Recommended GPU nodes:

GPU Device GPU Memory RAM CPU Cores Storage VM Types
Nvidia T4/L4 24GiB 64GiB 16 200GiB Azure: Standard_NC16as_T4_v3
AWS: g6.4xlarge
Google Cloud: g2-standard-16

Optional: Labeled Nodes

Once Aryn is launched no other pod can share the node with Aryn installation. It is important that Aryn won't be launched on a high-cost GPU like H100 or similar, unless required.
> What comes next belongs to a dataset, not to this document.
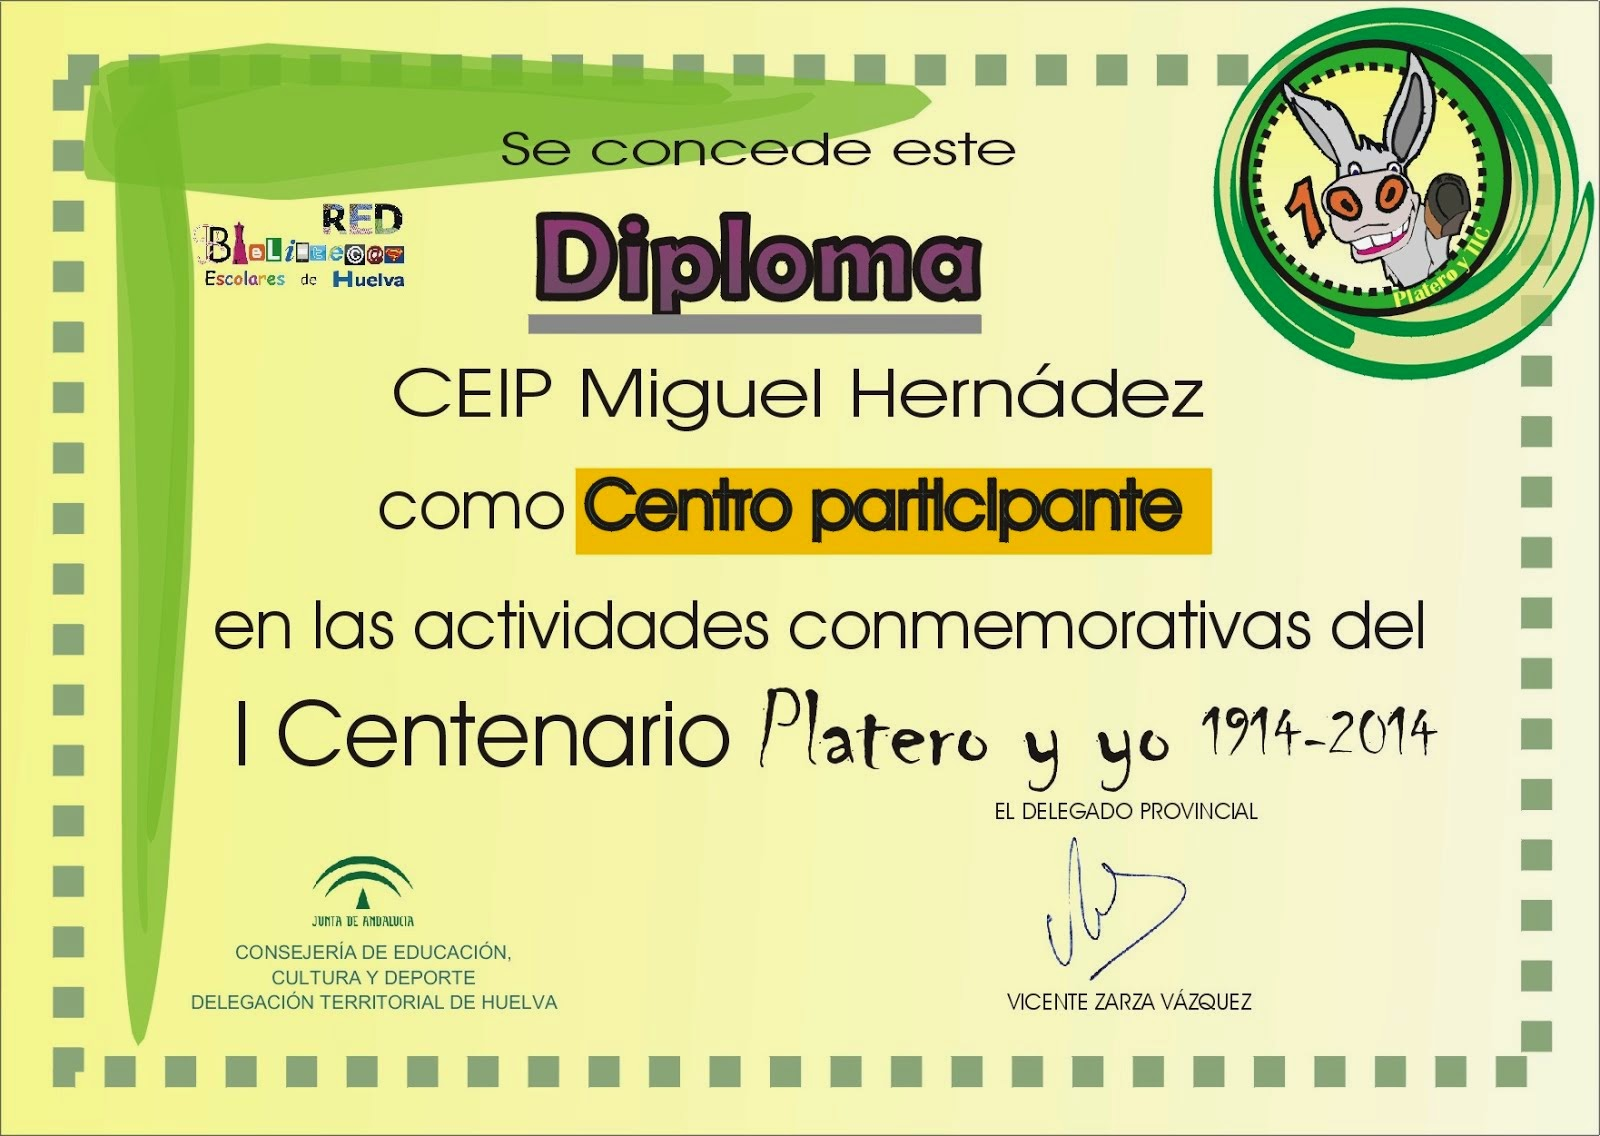 Diploma concedido por la Consejería de Educación de la Junta de Andalucía

Thus, it is recommended to label node(s) to be used to launch Aryn, for example:

kubectl label nodes <your-node-name> datarobot.com/node-capability=aryn-gpu
or make sure that the nodes are provisioned with the label.

Enablement

Override configuration with:

global:
  aryn_ocr:
    enabled: true

  ocr-service:
    enabled: true

  aryn-ocr:
    # Set selector if nodes where specifically labeled based on `Optional: Dedicated Nodes` section
    nodeSelector:     
      "datarobot.com/node-capability": aryn-gpu
    nodeAffinity:
      enabled: false

Extras

Aryn OCR service configuration also supports taints and tolerations for better node allocation to make sure that a labeled node will not be occupied by any other service: - Assign your node an additional taint: dedicated=aryn-ocr:NoExecute - Override configuration with:

global:
  aryn_ocr:
    enabled: true

  ocr-service:
    enabled: true

  aryn-ocr:
    # Set selector if nodes where specifically labeled based on `Optional: Labeled Nodes` section
    nodeSelector:     
      "datarobot.com/node-capability": aryn-gpu
    nodeAffinity:
      enabled: false
    tolerations:
      # Allow scheduling on nodes with GPU taint
      - key: "nvidia.com/gpu"
        operator: "Exists"
        effect: "NoExecute"
      - key: "dedicated"
        operator: "Equal"
        value: "aryn-ocr"
        effect: "NoExecute"